Goal of the exercise: Produce an exact transcription of the data, with the images left out.

Provided data:
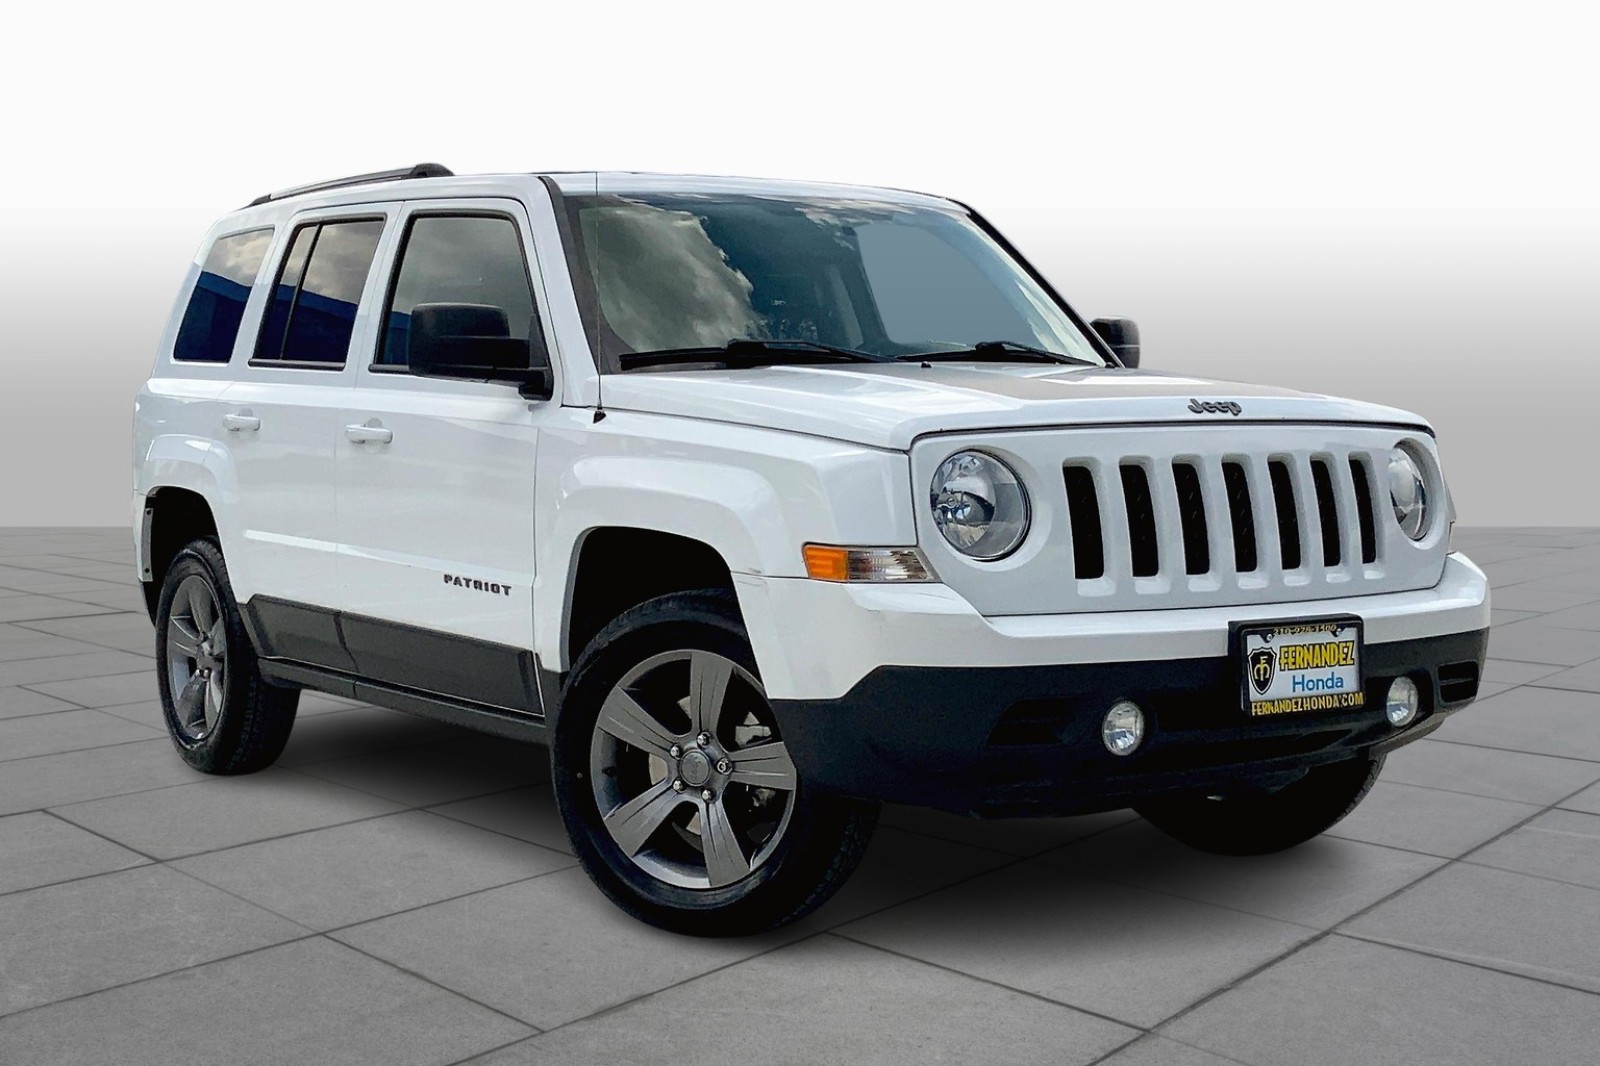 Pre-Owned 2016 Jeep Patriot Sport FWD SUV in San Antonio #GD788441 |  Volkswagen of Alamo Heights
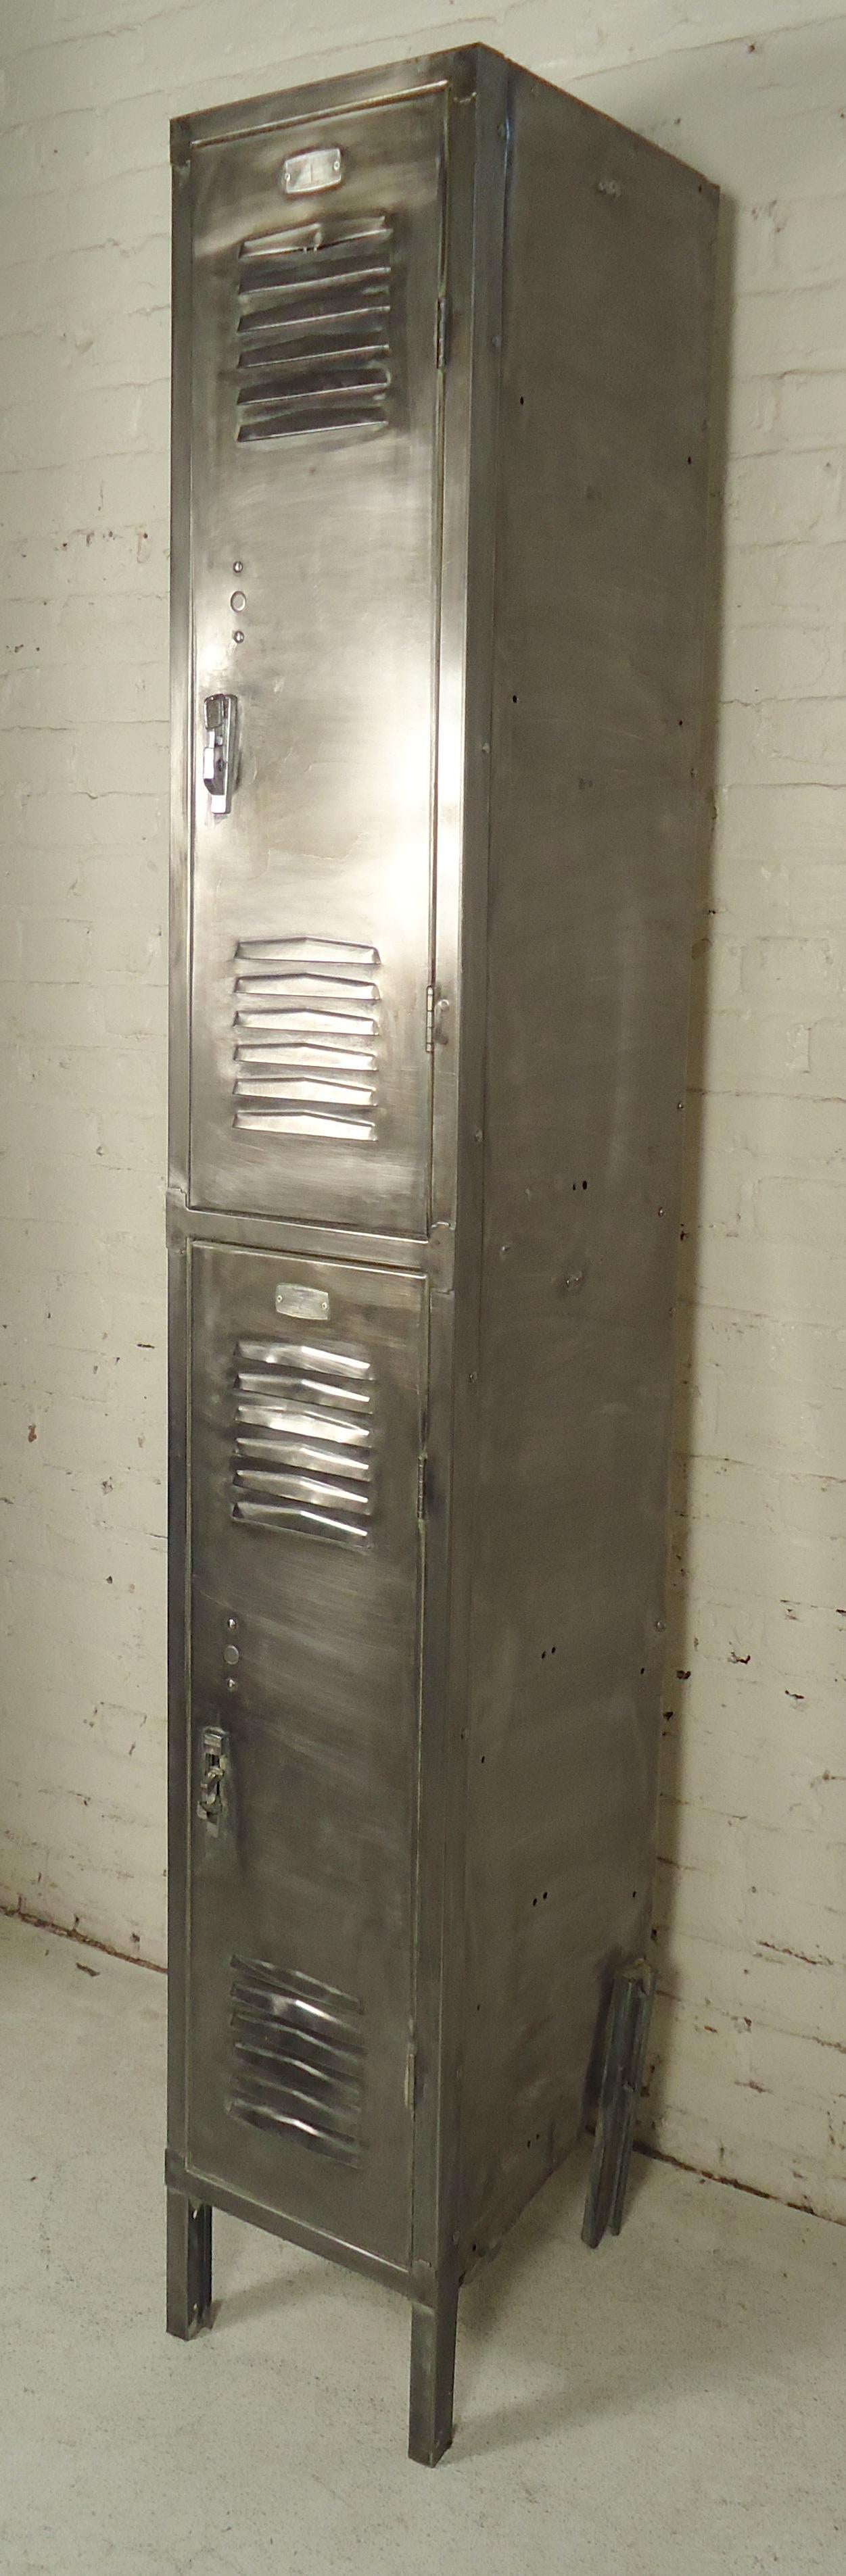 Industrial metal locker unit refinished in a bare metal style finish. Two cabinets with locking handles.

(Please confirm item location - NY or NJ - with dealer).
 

Result:
 Pre-Owned 2016 Jeep Patriot Sport FWD SUV in San Antonio #GD788441 |  Volkswagen of Alamo Heights
 Industrial metal locker unit refinished in a bare metal style finish. Two cabinets with locking handles.

(Please confirm item location - NY or NJ - with dealer).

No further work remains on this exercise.